This is my tenth A to Z Challenge. My first was in 2013, but I missed 2021. This April I am going through the alphabet using snippets about my family through the generations. In a few cases I took an old post and updated it with new information.
Christmas Trip From Mississippi to St. Louis – 1975
We moved to Simpson County, Mississippi in November of 1975. Jim was in charge of the Emergency Land Fund’s Model farm. Our daughter Jilo was 5 and Ife was 2.5. I was 29 and six months pregnant with our third daughter Ayanna. Jim was just about to turn 31. This was before we had goats, chickens or rabbits. The greenhouses weren’t in production. I remember several of the farmers Jim worked with gave him gifts of money for Christmas. It didn’t amount to more than $30 total but it paid for all the gas we used.
We decided to drive up to share the holidays with Jim’s family in Rock Hill, MO. They lived at #1 Inglewood Court, right outside of St.
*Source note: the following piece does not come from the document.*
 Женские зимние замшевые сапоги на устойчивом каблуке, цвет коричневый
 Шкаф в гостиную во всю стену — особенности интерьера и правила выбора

Louis. 17 year old Micheal, 15 year old Monette and 12 year old Debbie were living at home.
We made the 8 hour trip in the little gray Volkswagen bug that came with the job. We took food to eat on the way, left early and drove straight through. I don’t remember anything specific about driving up. As I recall we got to St. Louis before dark. Jim’s parents gave us their bedroom. They were always so nice about that. Jim and the kids and I shared the pushed together twin beds. There weren’t presents for us but Jim’s mother looked around and came up with some. I don’t remember what she gave Jilo and Ife but she gave me two copper vases and Jim two glass paperweights. I don’t remember what we took as gifts.
I remember going to see Jim’s brother, Harold at one of his jobs. He had several, just like his father always did. We also stopped by his studio where he made plaster knick knacks. Or was it cement bird baths? Or both? There was a Salvation Army or Goodwill store nearby and we stopped and I got some shirts for the kids and a dress that Ife wanted. Mostly we stayed around the house and visited.We stayed until New Years Eve and left in the evening. There is never enough food or time to prepare it for the return trip. We stopped at Howard Johnson’s somewhere on the way home and I remember getting fried oysters. It was cold and dark and clear. There were stars. And there are always trucks. We listened to the radio and talked and maybe sang some. The kids eventually fell asleep in the backseat and we welcomed the New Year driving through the night.